The Gamecocks won on both occasions, and they’ll look to make it three in a row when they take on Missouri.
Earlier this week, GameDay selected Kenny Chesney as their celebrity picker to predict the outcomes of this week’s games, including the South Carolina game.
The pick came with some backlash with fans saying that since Chesney is a Tennessee fan he shouldn’t be picking for the South Carolina game. Fitting said that he’s glad to have such a big artist coming for the show and that he didn’t lose any sleep over the fan response.
“It’s a very small majority of people that have an issue with it,” Fitting said. “He’s a top-five musician in the world. Why wouldn’t you have him on the show? There’s no rule that says he has to be tied to the school; that’s a crazy fan mentality thing.”
Chesney has ties to head coach Steve Spurrier. He narrated a documentary about Spurrier and he’s is close friends with the Head Ball Coach.
Fitting said that Chesney is a big college football fan and can talk about the games in an “educated manner” when making his picks. Fitting also said that it’s good to have both GameDay and an award-winning artist on campus.
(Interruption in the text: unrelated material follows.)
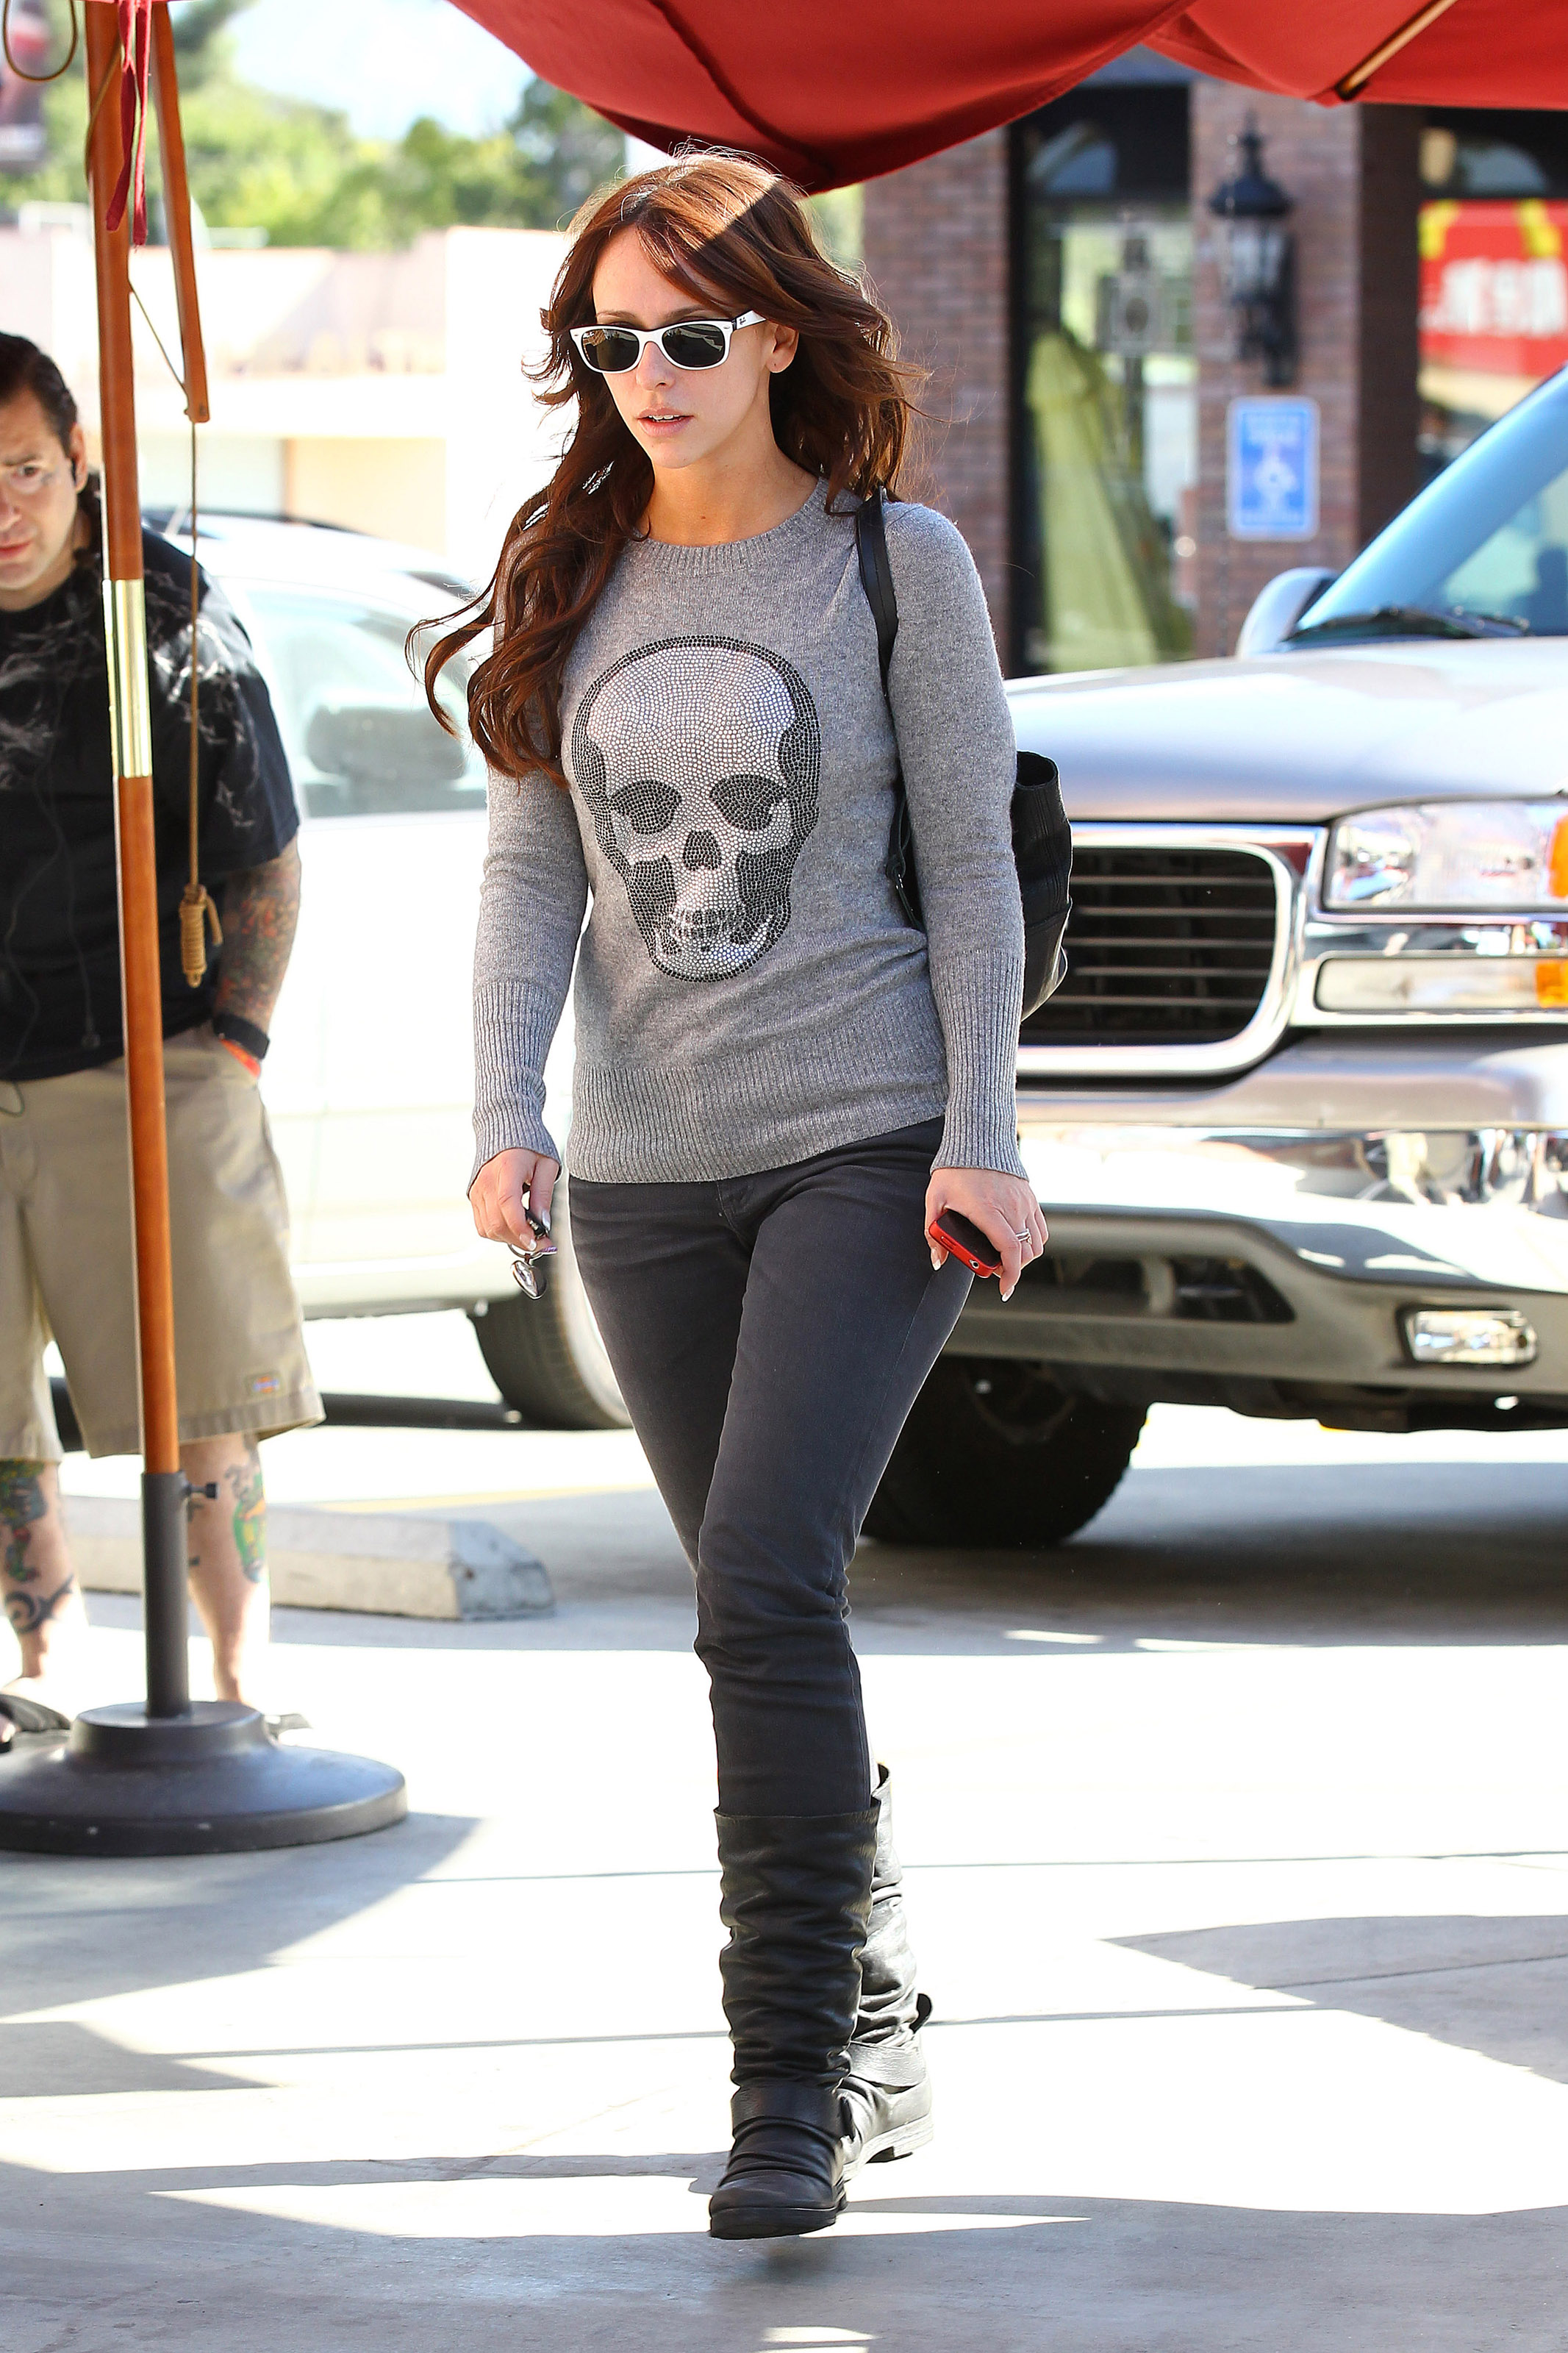 Jennifer Love Hewitt Tight Jeans Candids In La 03 Gotceleb

“It’s a good thing for them too,” Fitting said. “Kenny Chesney on the Horseshoe—I don’t see the bad in that. If I’m running the school and Kenny Chesney and GameDay are here together, I’m like, ‘Sign me up.’”
Both teams have seen their fair share of ups and downs this season, but South Carolina is the one that finds itself inside the top-25. And despite the Gamecocks No. 13 ranking, Herbstreit sees an even higher ceiling for the team.
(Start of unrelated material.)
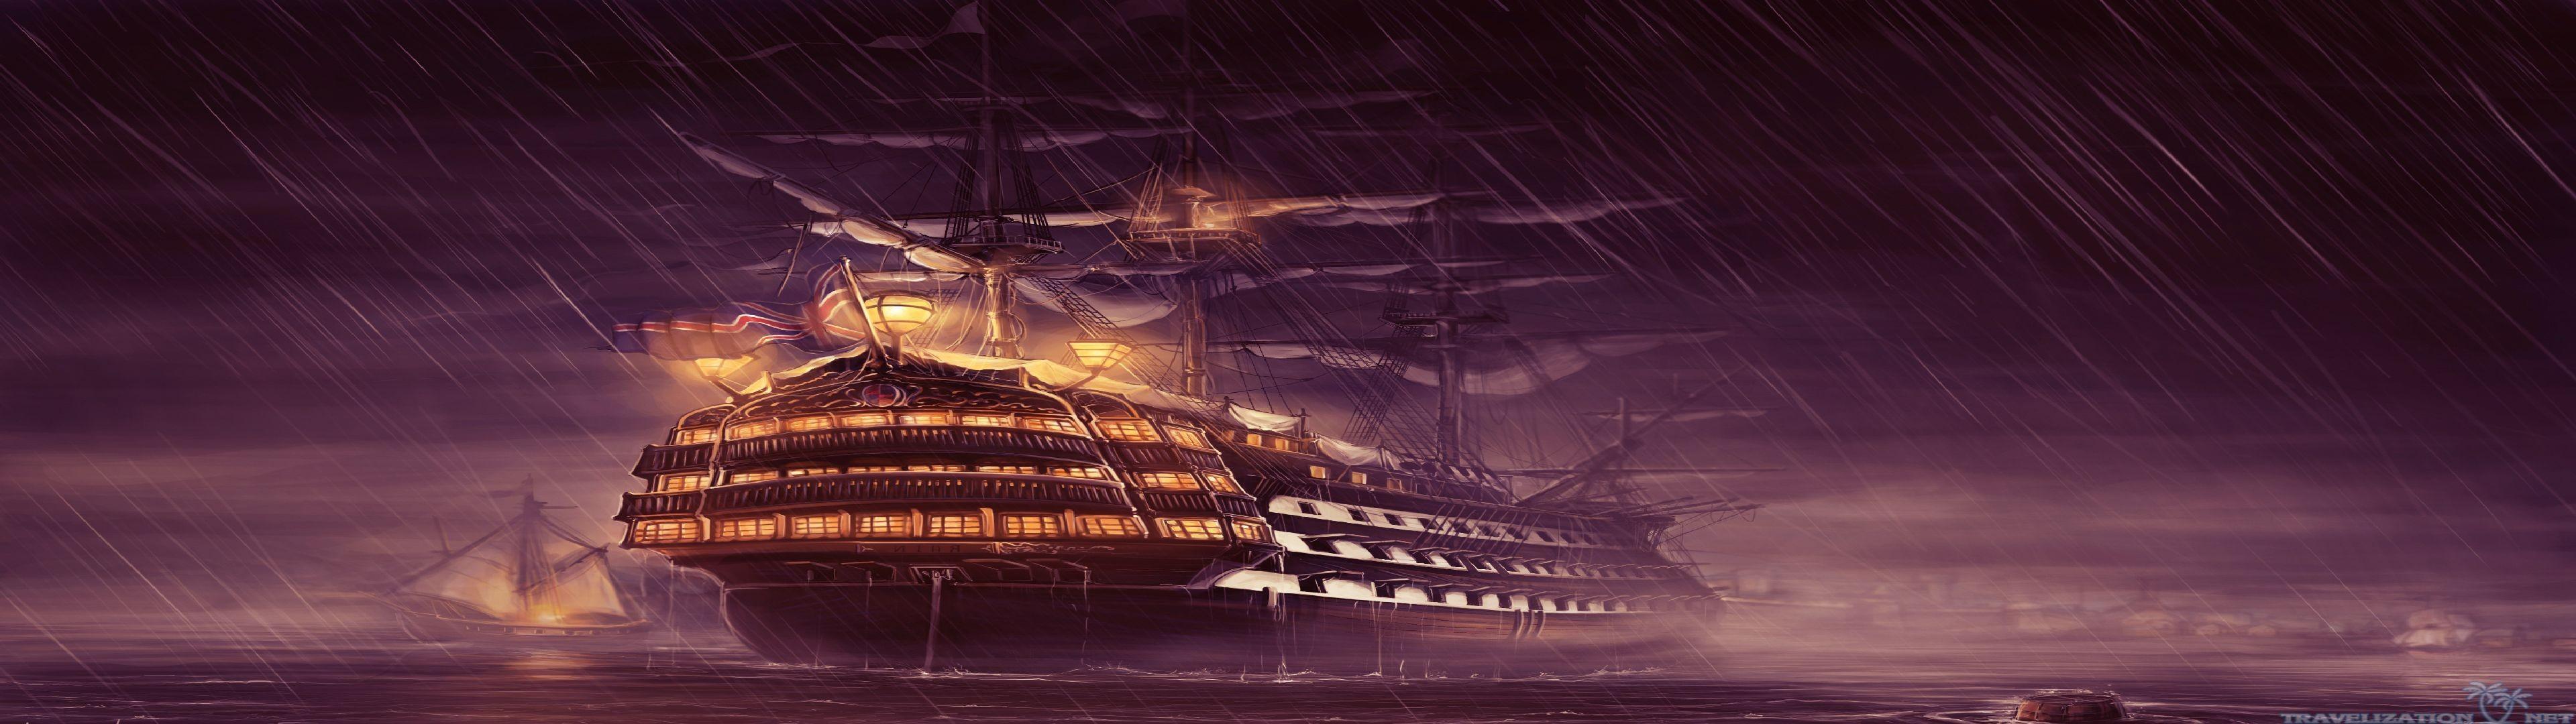 British ship sailing on the high seas: …

“When I look at South Carolina, I see a team with a ton of potential,” he said. “I see a team that, offensively, is going to be able to score a lot of points. The defense has really surprised me.”
The reality for current South Carolina students and fans is that the Gamecocks have a standing reservation among the top teams in the nation.
But that hasn’t always been the case.
GameDay contributor and former Georgia defensive lineman David Pollack has had South Carolina on his radar for decades because of his SEC connection. And he remembers those dark days in Columbia.
From Pollack’s perspective, GameDay’s presence in Columbia will just be icing on the cake for the rabid South Carolina fan base.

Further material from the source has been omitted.